Project

General

Profile

Actions

Feature #8

open

Add some sort of caching for config from DB settings

Added by Lance Edgar over 2 years ago. Updated about 2 years ago.

Status:
New
Priority:
Low
Assignee:
Start date:
07/31/2022
Due date:
% Done:

0%

Estimated time:

Description

I've long been aware of inefficiencies caused by constant querying of the setting table for real-time config values. It was originally noticed because of the sheer number of queries required e.g. for a single page load in the web app.

Accordingly, I've long intended to add some sort of caching mechanism to cut down on the number of queries. However there is a new problem, illustrated by #6 and #7: Not only are there too many queries, but they require too many DB sessions!

So the caching mechanism needs to allow for:

  • no change in calling code, e.g. config.get('foo', 'bar') should "just work"
  • caller should get "current value" without need for DB session/query
  • changes to settings in DB must take effect "immediately" (more or less)

I think two approaches make sense:

Basic / Native Caching

First, the RattailConfig class should implement a basic caching mechanism. This should keep track of values already fetched from the DB, and when each was fetched. If an already-fetched value is requested from caller, and it was fetched "recently" enough (e.g. within last 30 seconds?) then the cached value is returned to caller as-is. If the fetch was not recent enough, it is re-fetched via DB query.

This has the advantage of being built-in to Rattail and therefore can work out of the box with no setup needed. May still want to allow config to disable the caching (perhaps it should even be off by default?), as well as config to determine cache expiry timeout, i.e. TTL for the cached values.

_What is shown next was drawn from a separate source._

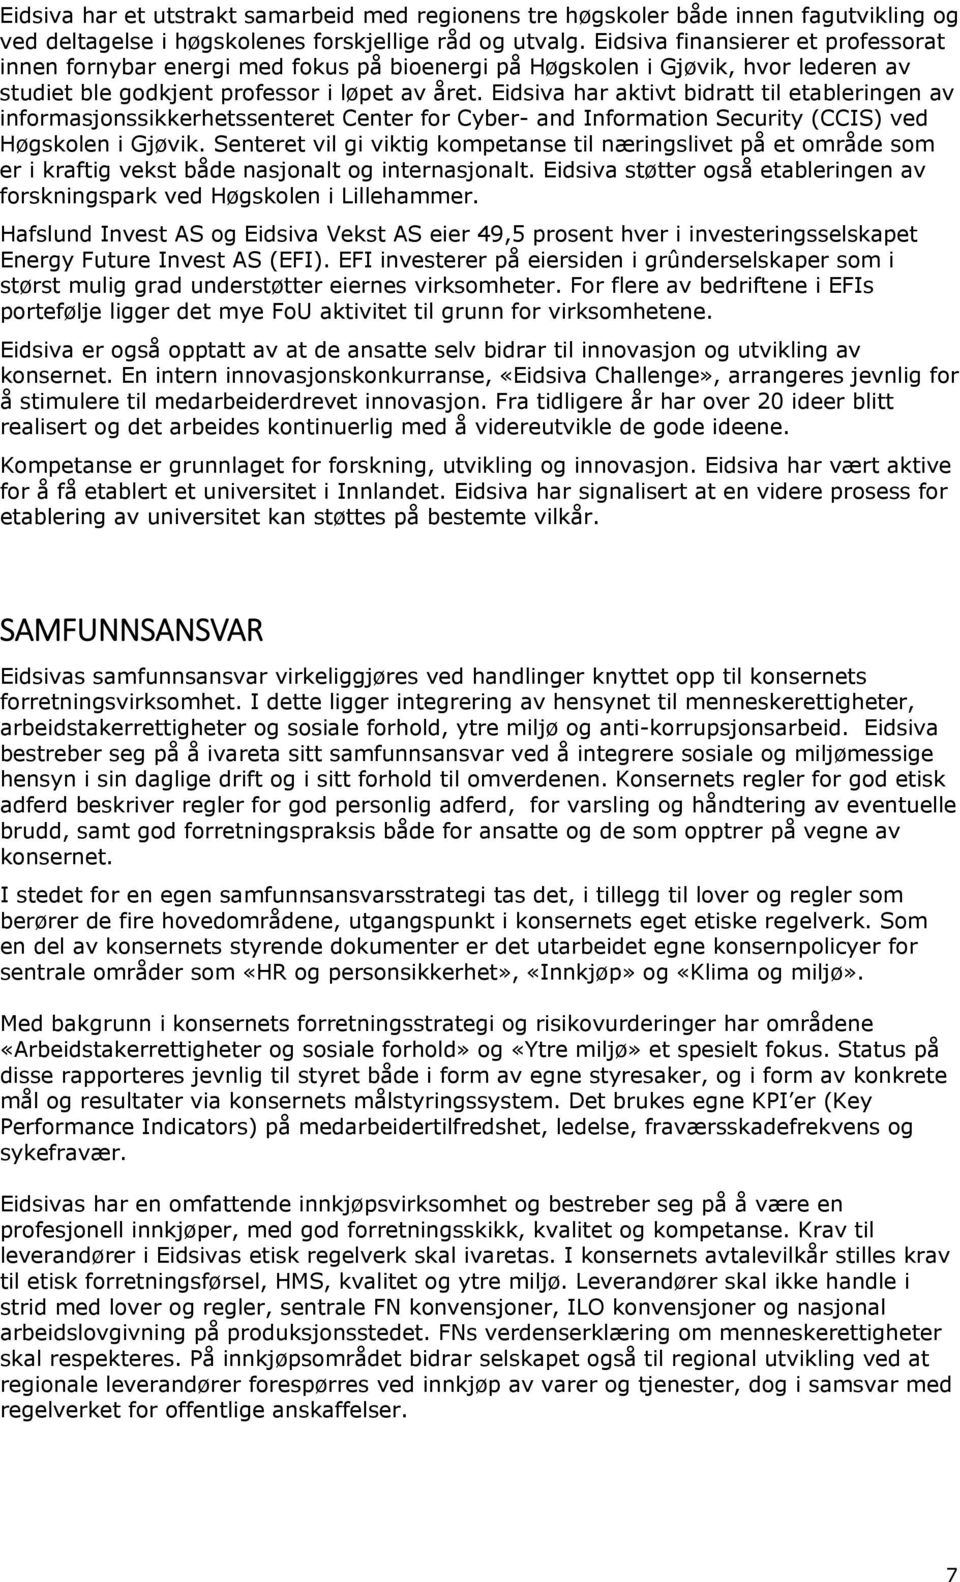 Eidsiva har aktivt bidratt til etableringen av informasjonssikkerhetssenteret Center for Cyber- and Information Security (CCIS) ved Høgskolen i Gjøvik.

But it has the disadvantage of still tying up DB sessions and running queries semi-regularly. The cutoff of 30 seconds is striking a balance: We don't want to keep running queries if the same values are requested frequently; however the values may be changed by admin user at any time, so it's not safe to "always" return the same value from cache. It's hoped that 30 seconds is often enough to reflect actual changes "quickly" but infrequent enough to help somewhat with session/query overhead.

Beaker Caching

Ultimately I think the best fix here is to split out the config caching to its own "service". Since the web app already uses Beaker (for user sessions) it probably makes sense to use that here as well, since it provides a Caching system with support for multiple back-ends (e.g. file, memcached, redis).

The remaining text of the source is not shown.